Closed AzizCode92 closed 4 months ago

AzizCode92 commented 4 months ago

Hi, First of all thank you very much for this great work. I have defined a very simple ebnf grammar and adapt the lark_to_context to it. Same way it is done for the calculator. Now when playing around with the interactive recognition script, I realised that if I put a space between the words of my grammar, the state become invalid. The state is Completable only if I put input text in a continuous form. My grammar is very simple and looks like this:

start: class_def 
class_def: "CLASS" "MyClass" "DEFINITION"
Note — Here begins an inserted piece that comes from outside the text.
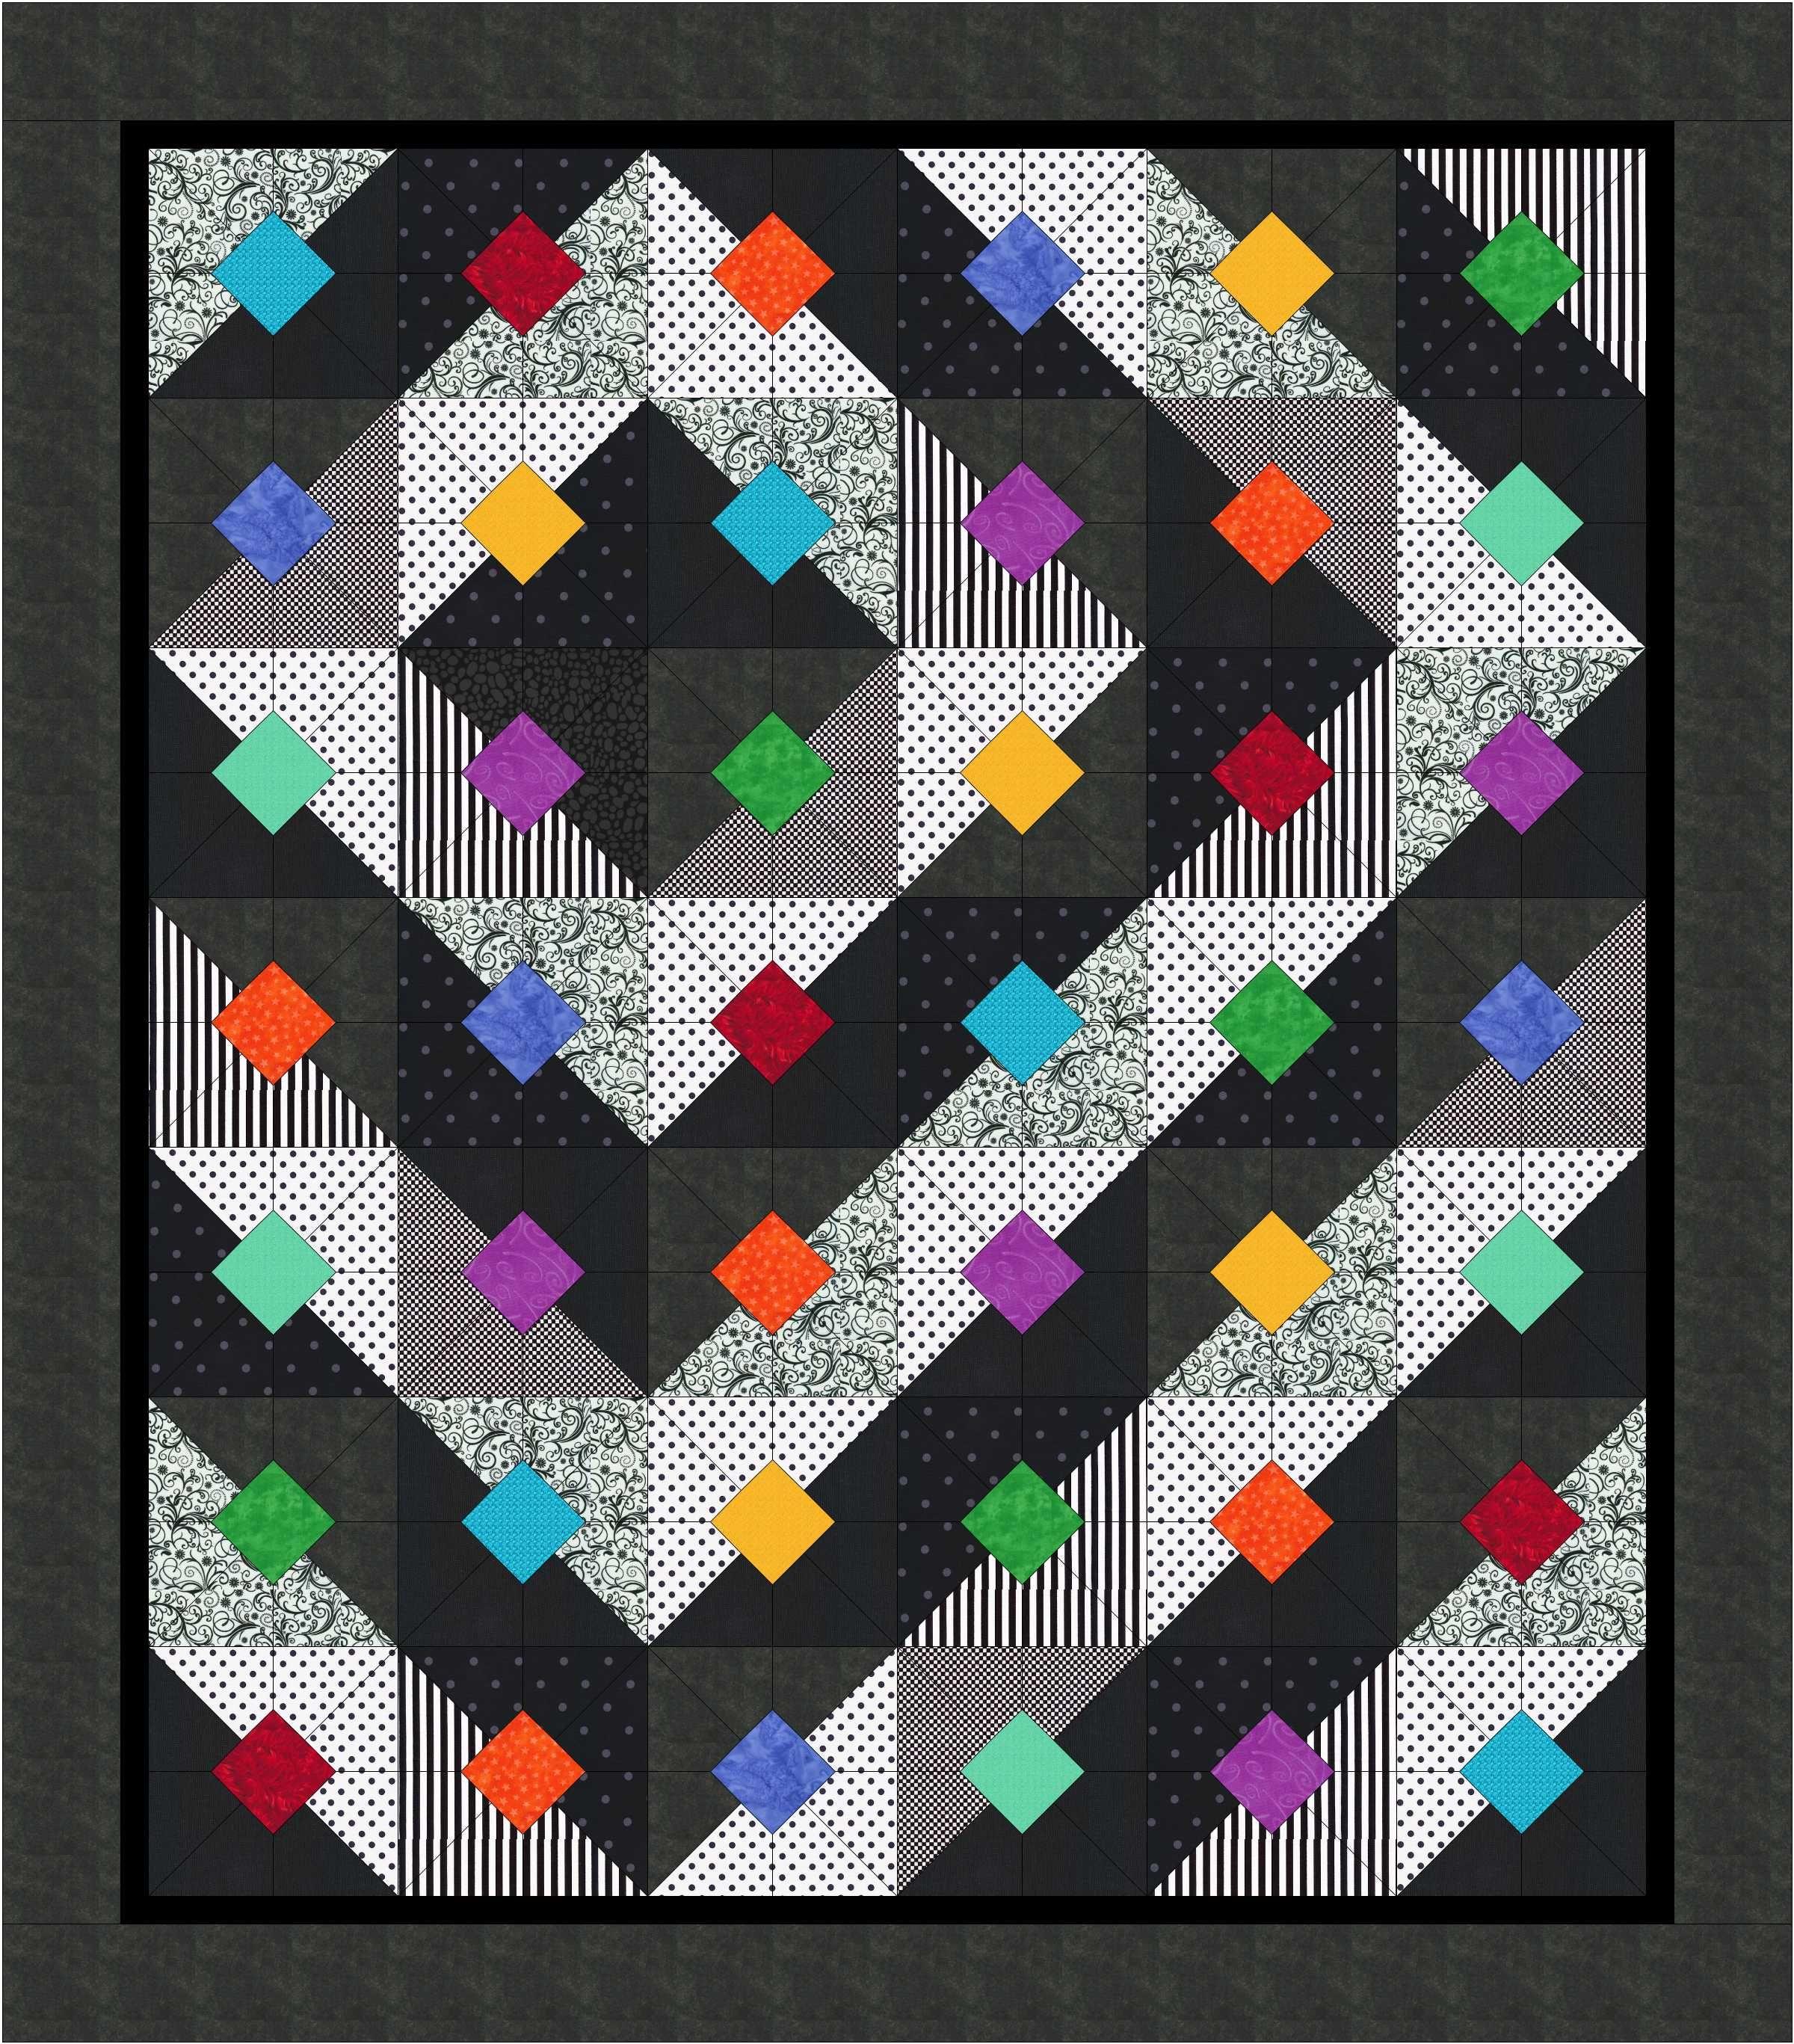 Pin by Louise Da Silva on Quilts 13 | Pinterest | Free pattern ... : free quilting tutorials online - Adamdwight.com

CLASSMyClassDEF -> Completable CLASS MyClass DEF -> Invalid

any help on how to do that whithout explicitly add WS between the words of my grammar? thank you

Edit: I have found this in the lark documentation and adapt the grammar defined here but it failed same way as the above example. https://lark-parser.readthedocs.io/en/latest/examples/indented_tree.html

dmelcer9 commented 1 month ago

Sorry I didn't see this- Currently, whitespace and comments are handled in python_lex_wrapper.py; in particular calc_modified_hint (https://github.com/amazon-science/incremental-parsing/blob/e2b9eabfe4274b916e6cf2cf5081b76370d20a61/incremental_parsing/lex_earley/python_lex_wrapper.py#L148); this is because the exact rules of when various whitespace tokens are allowed end up being surprisingly language-dependent.

If you want to add whitespace to a custom language, you'd probably want to create a new implementation of AbstractLexer that wraps an IncrementalLexer in a similar manner to PythonLexWrapper. lexer_hint and initialize would need to add the appropriate whitespace tokens to the list of allowed tokens, and the other methods would need to turn the LexResultSuccess into LexResultPartial when a whitespace token is actually matched.

(For reference, the parser calls lexer_hint with the set of scannable terminals given by the grammar; the lexer will then fail-fast if the in-progress symbol is not in that set. Because whitespace/comments are never part of the grammar itself, the wrapper needs to add these lexemes as allowed, and then handle the case when the lexer reads them)